The evaluation metrics used to compare the various methods are: Accuracy, Subset-accuracy (exact match) and Hamming loss [1].

Table 1. Accuracy comparison of different single-stage MLC methods(BR, ML-kNN and ECC) with the proposed two-stage method using CRF.
Table 2. Performance comparison of our proposed method (\(CRF_{ECC}\)) with other state-of-the-art-methods: Collective Multi-Label classification (CML) [8], Meta Binary Relevance (MBR) [5] and Conditional Dependency Network (CDN) [4]

We compared the performance of the proposed method with different existing methods for MLC. The BR, ML-kNN and ECC based MLC are used in the first stage. Logistic regression with \(L_{2}\) regularization is used as the base classifier for BR method. SVMs were used as base classifiers for ECC. For ML-kNN, we used the code released on the internet by the author. We used the UGM-toolbox [19] for CRF implementation. Other MLC methods were implemented using MEKA Footnote 1. All hyper-parameters are tuned using the cross-validation method.
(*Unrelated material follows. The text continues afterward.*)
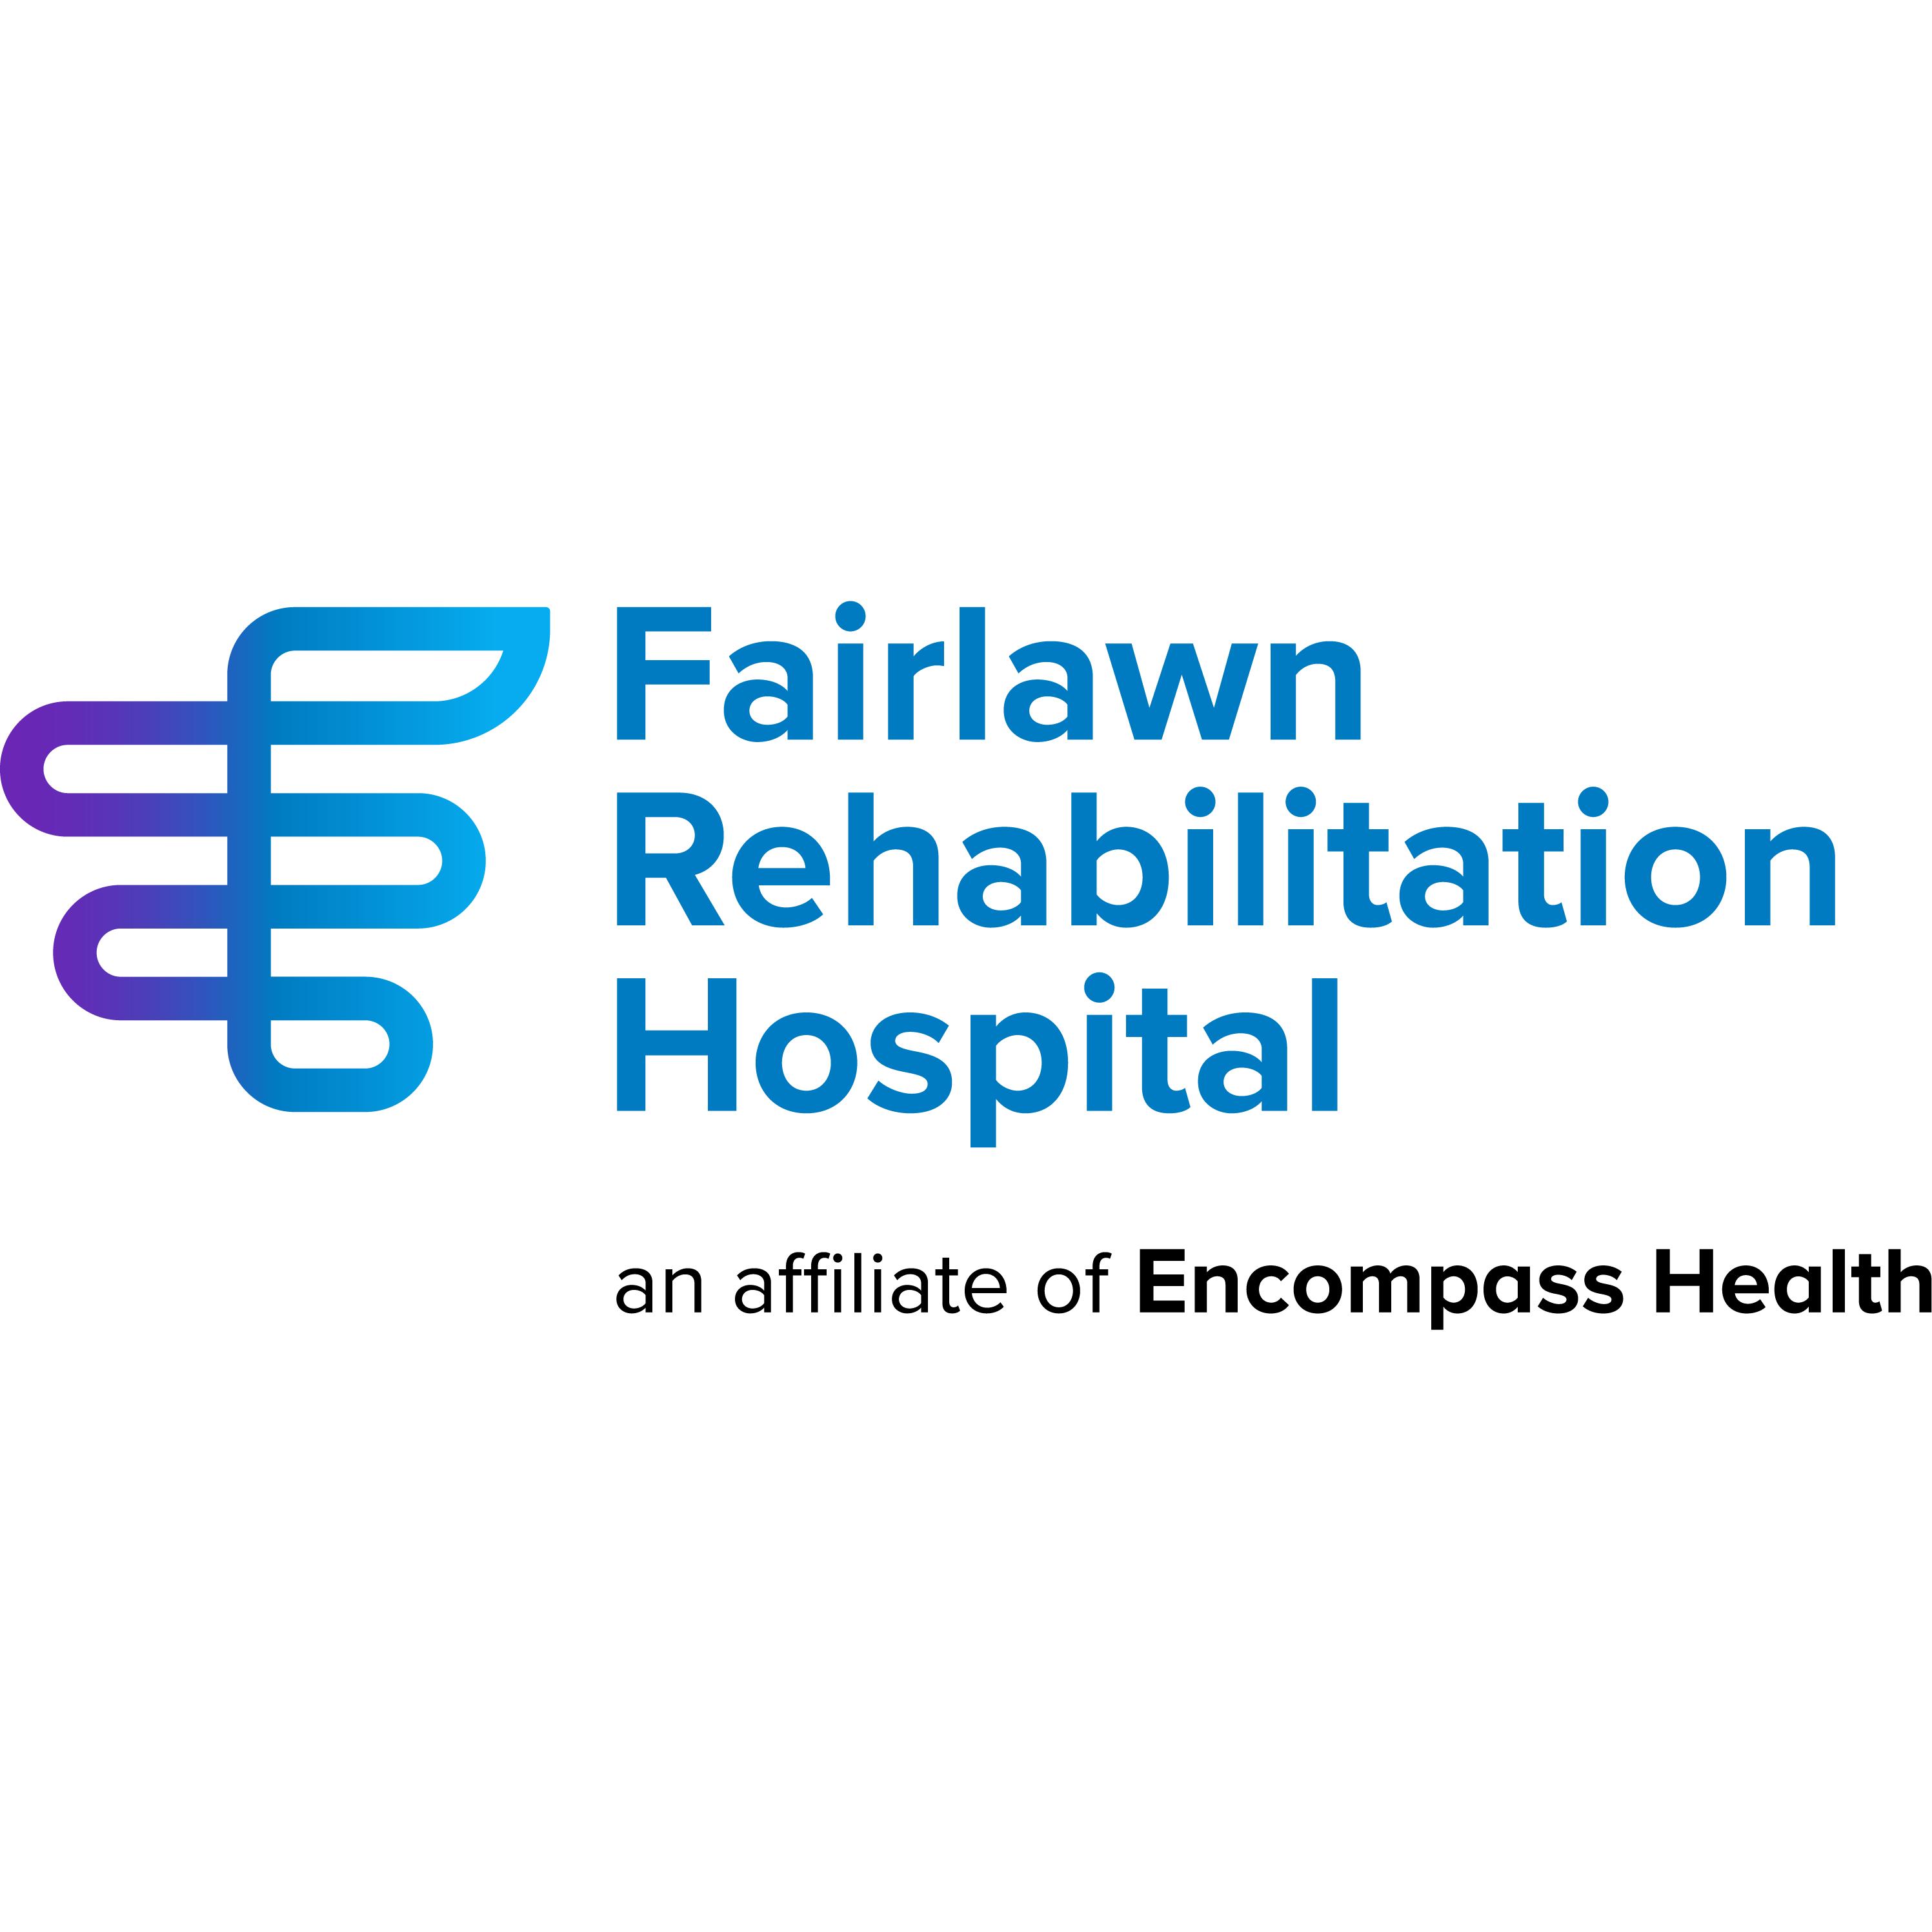 Fairlawn Rehabilitation Hospital, an affiliate of Encompass Health

The performance of proposed two-stage method using different MLCs in the first stage is presented in Table 1. For all the three MLC methods, the CRF based two-stage method is able to enhance the performance. The improvement is more significant in datasets that have a high correlation among class labels. Table 2 presents the comparison of the proposed method against the other existing methods. The proposed method performs better than all other methods. This shows the effectiveness of capturing label dependencies for MLC.

5 Conclusion

In this paper, we proposed a two-stage framework for multi-label classification using the conditional random field. It captures the dependencies among labels to improve the MLC performance. An optimization-based framework is used for learning the structure of the CRF. Experimental results shows the effectiveness of the proposed method for benchmark multi-label datasets.